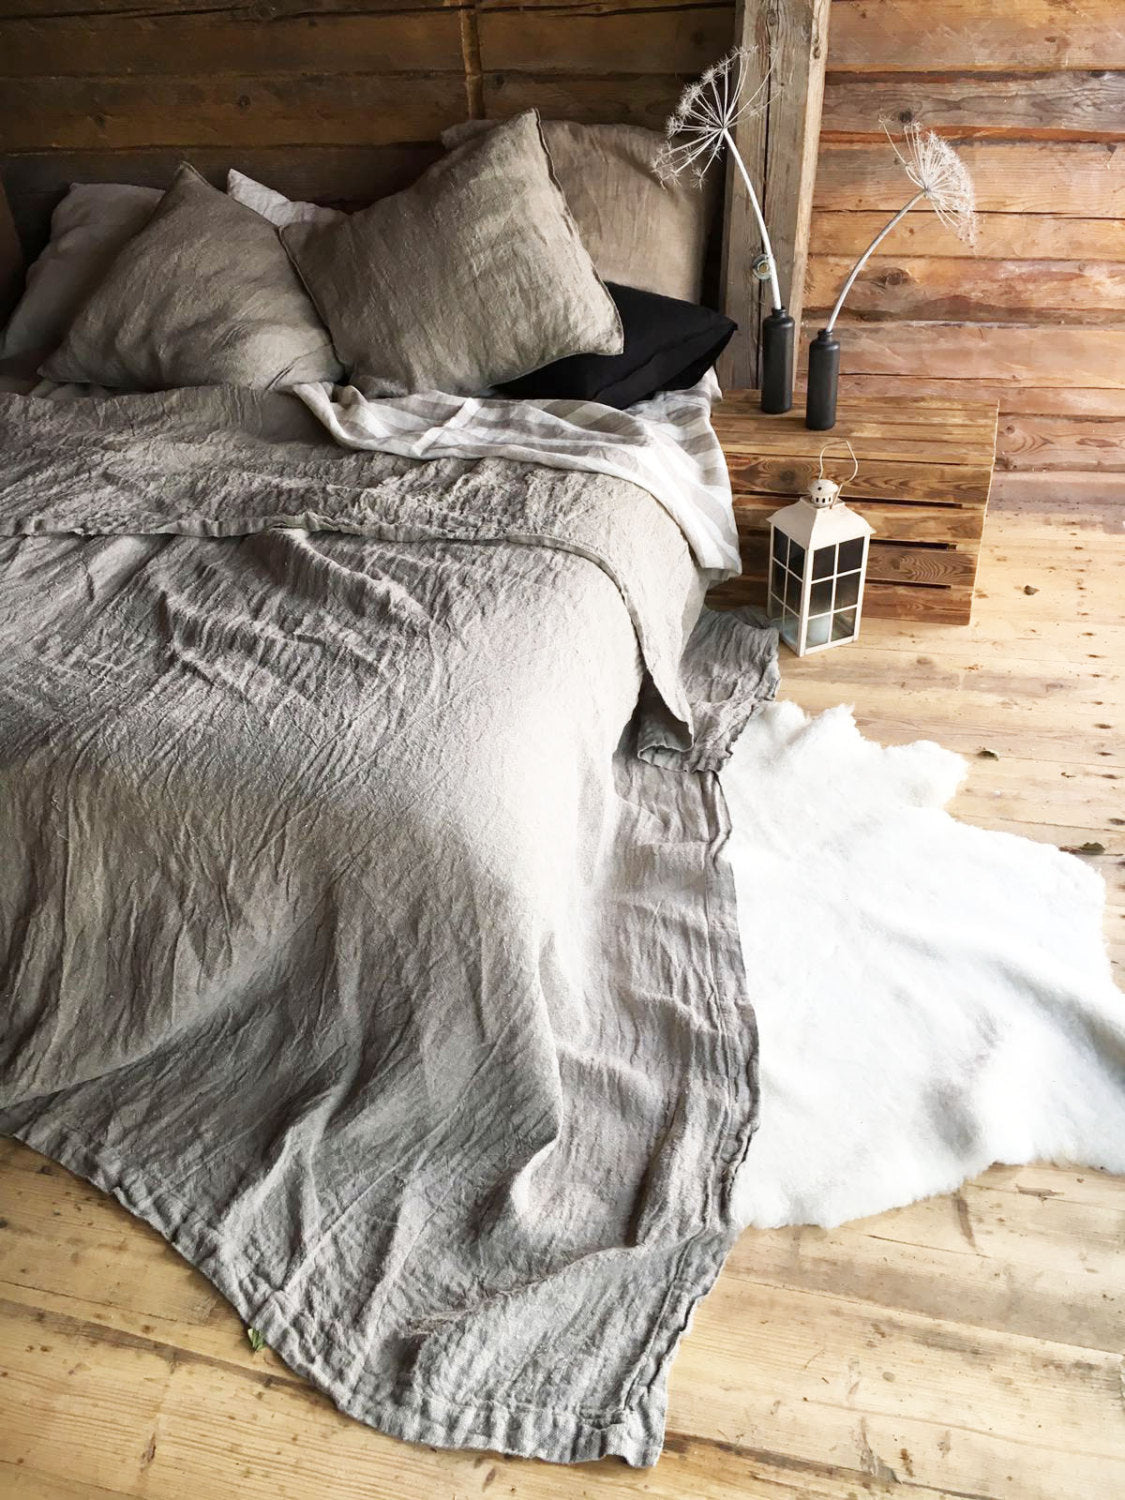 Decorative Pillowcases from Natural Rustic Linen, Countryhouse Shams -  Linenbee
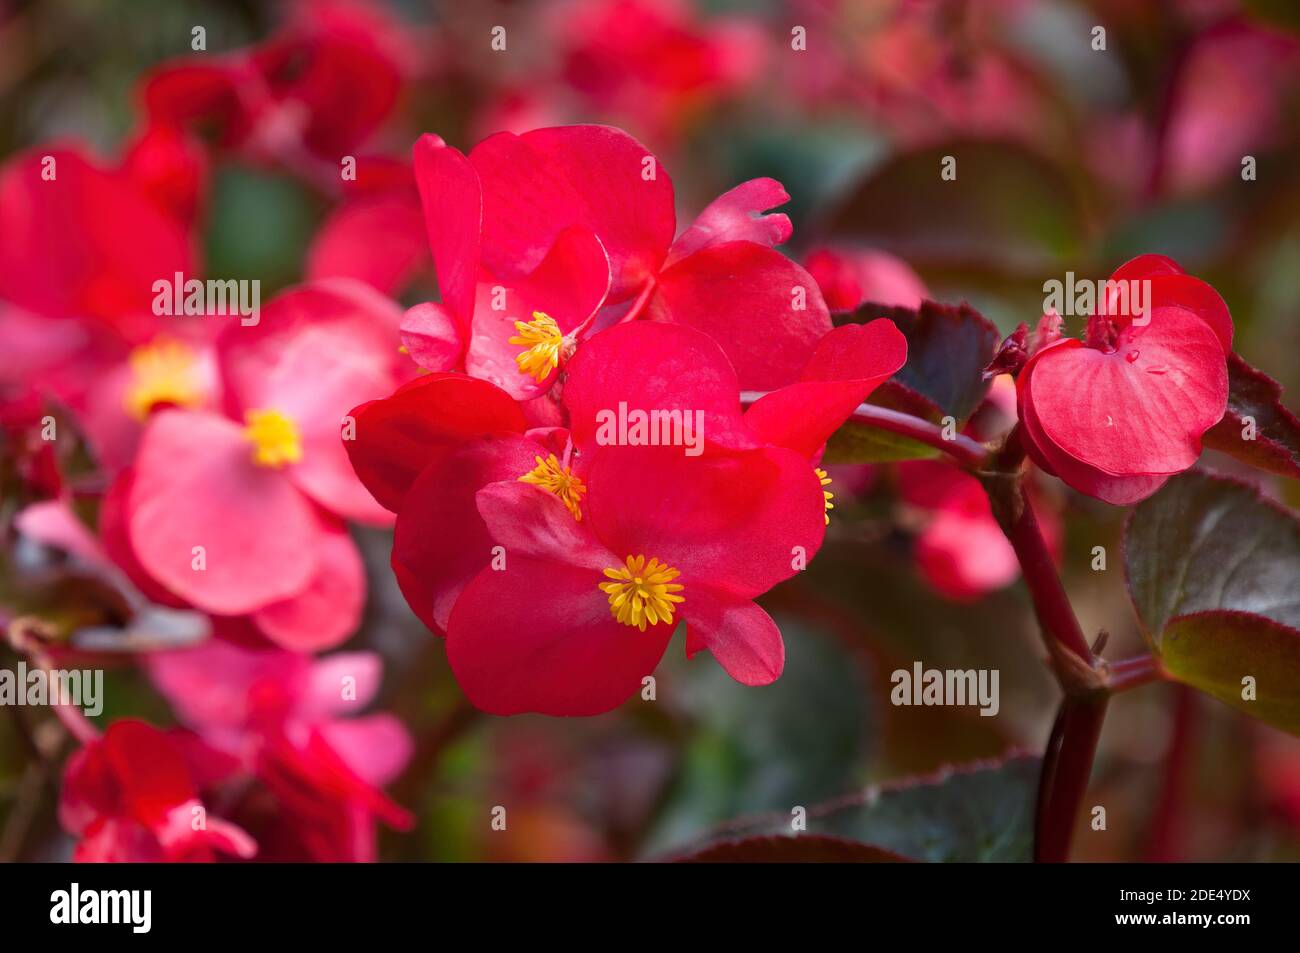 Sydney Australia, close-up of red waxy begonia flowers on a sunny day Stock Photo
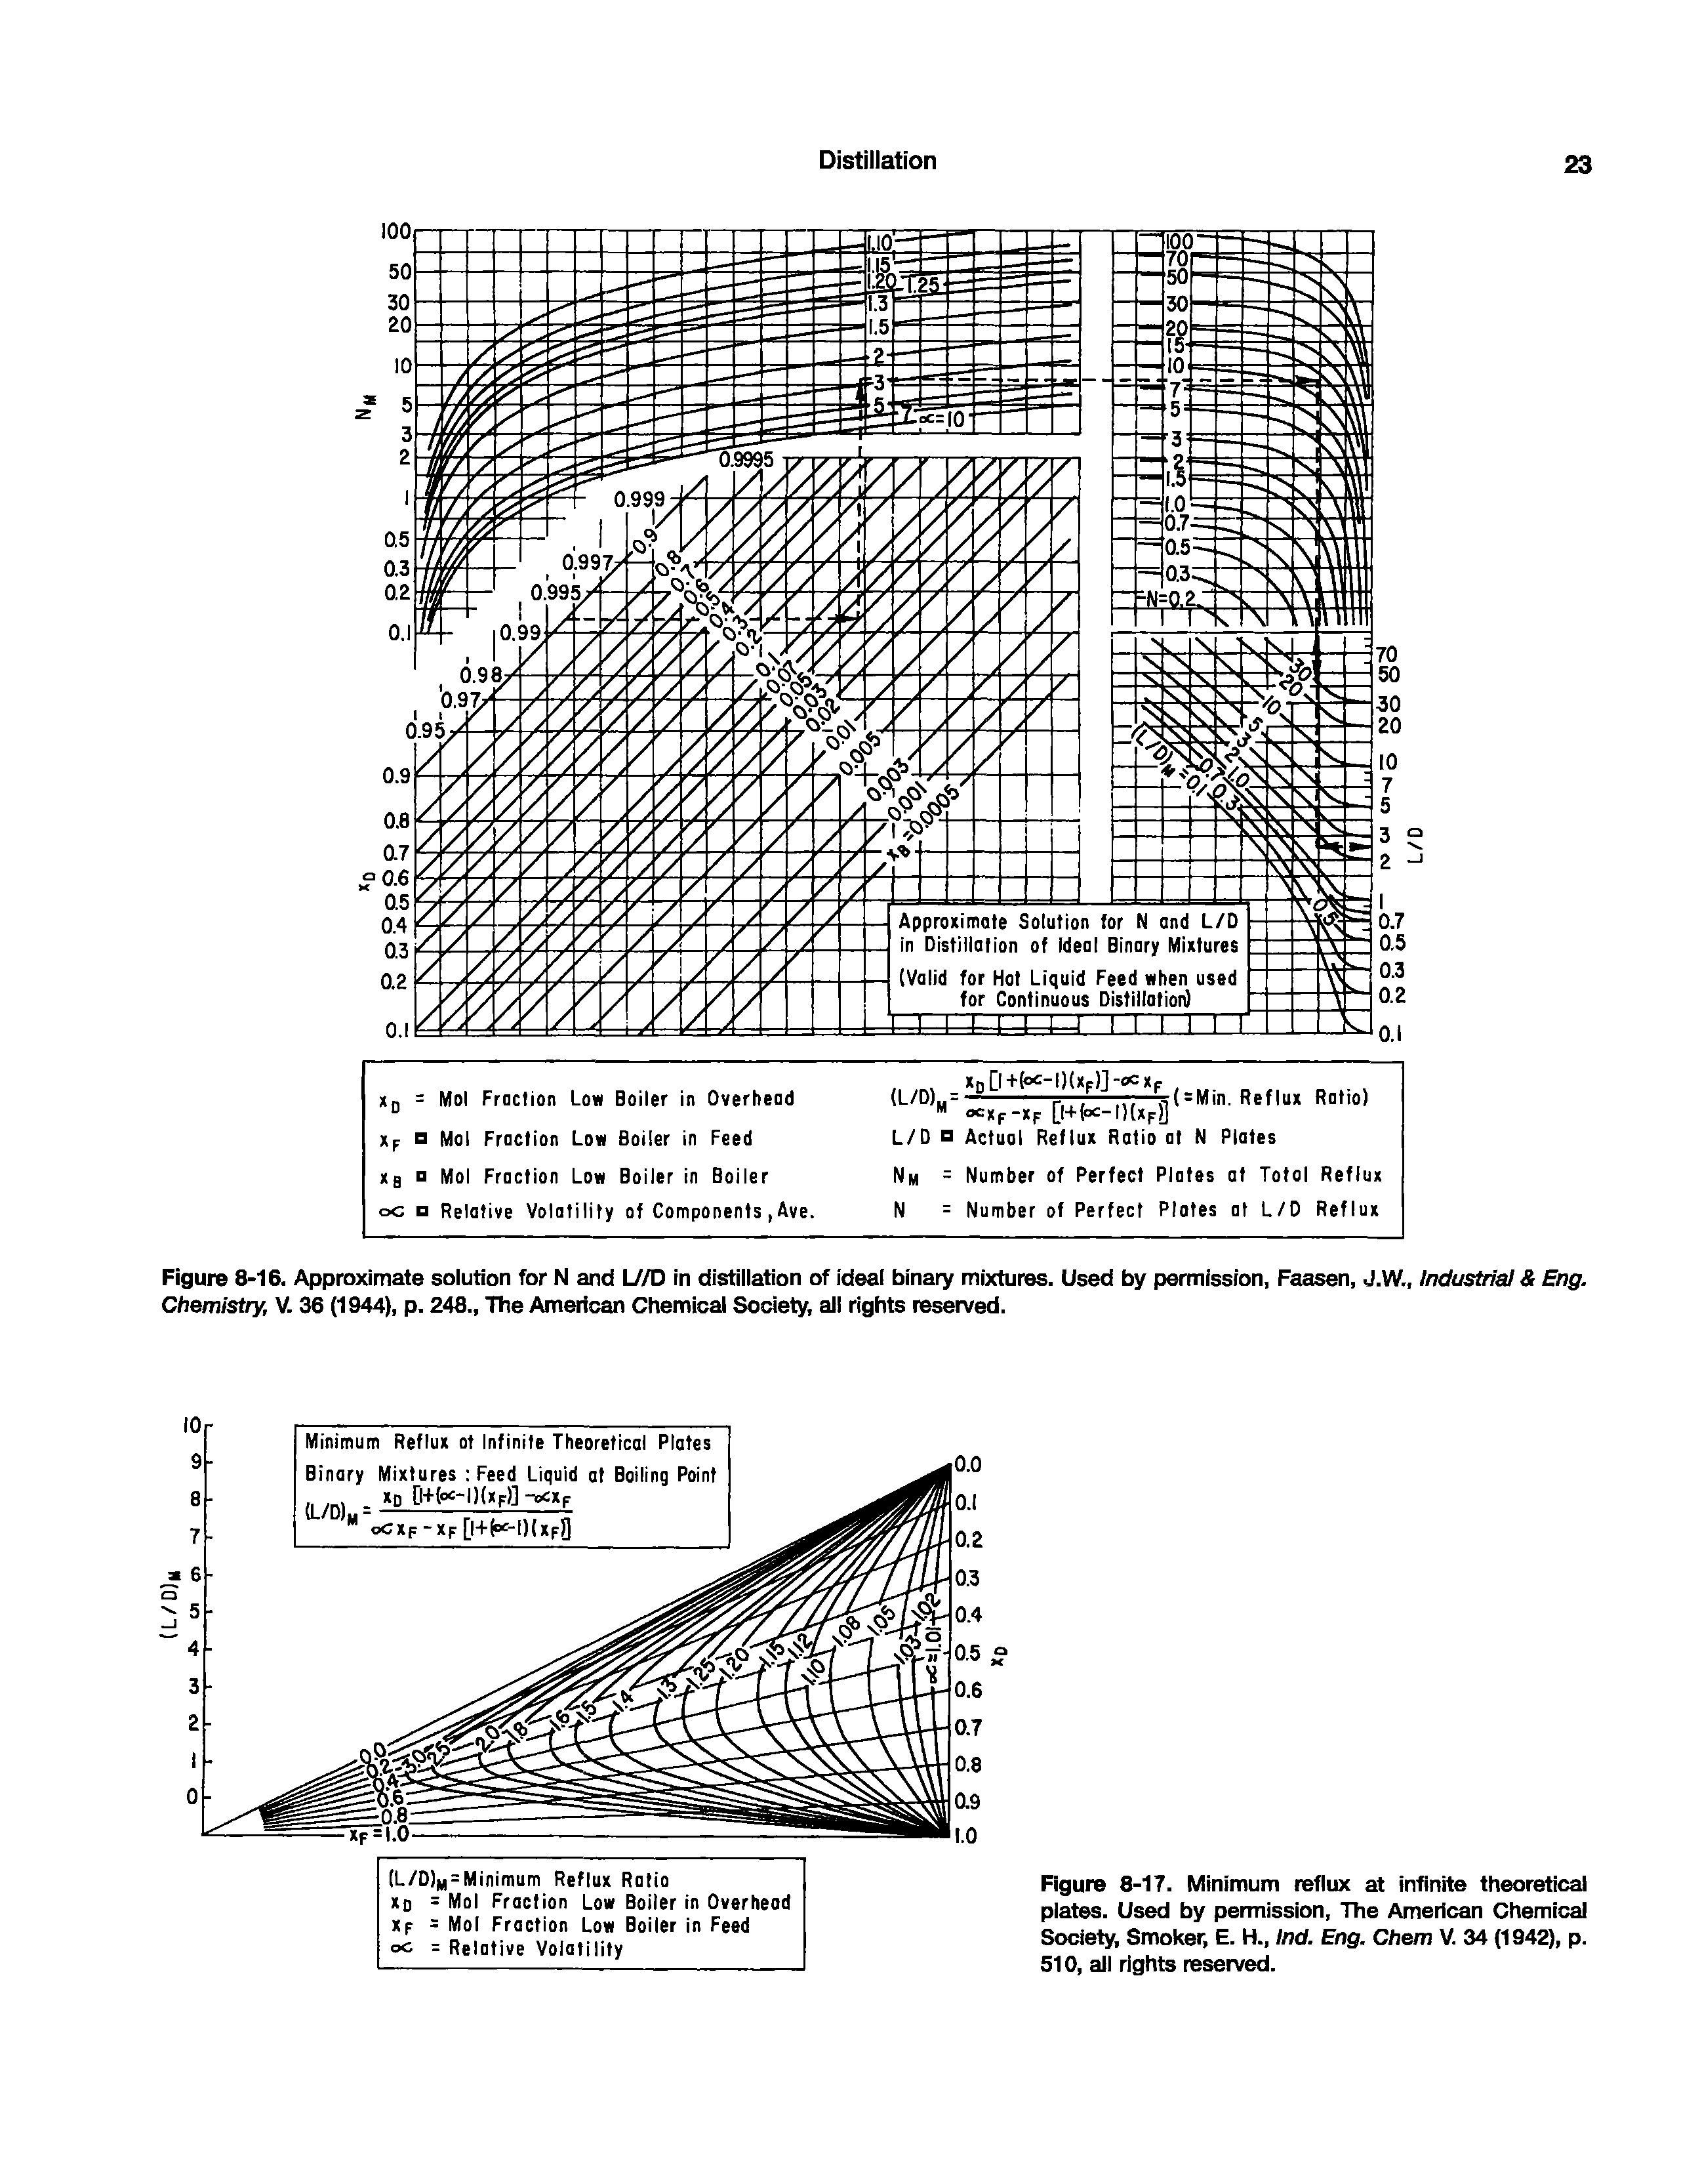 Figure 8-17. Minimum reflux at infinite theoretical plates. Used by permission. The American Chemical Society, Smoker, E. H., Ind. Eng. Chem V. 34 (1942), p. 510, all rights reserved.

→ **What this task involves**:
Restating the data word for word is the task, and pictures are to be omitted.

→ **Answer space**:
 Decorative Pillowcases from Natural Rustic Linen, Countryhouse Shams -  Linenbee
 Sydney Australia, close-up of red waxy begonia flowers on a sunny day Stock Photo
 Figure 8-17. Minimum reflux at infinite theoretical plates. Used by permission. The American Chemical Society, Smoker, E. H., Ind. Eng. Chem V. 34 (1942), p. 510, all rights reserved.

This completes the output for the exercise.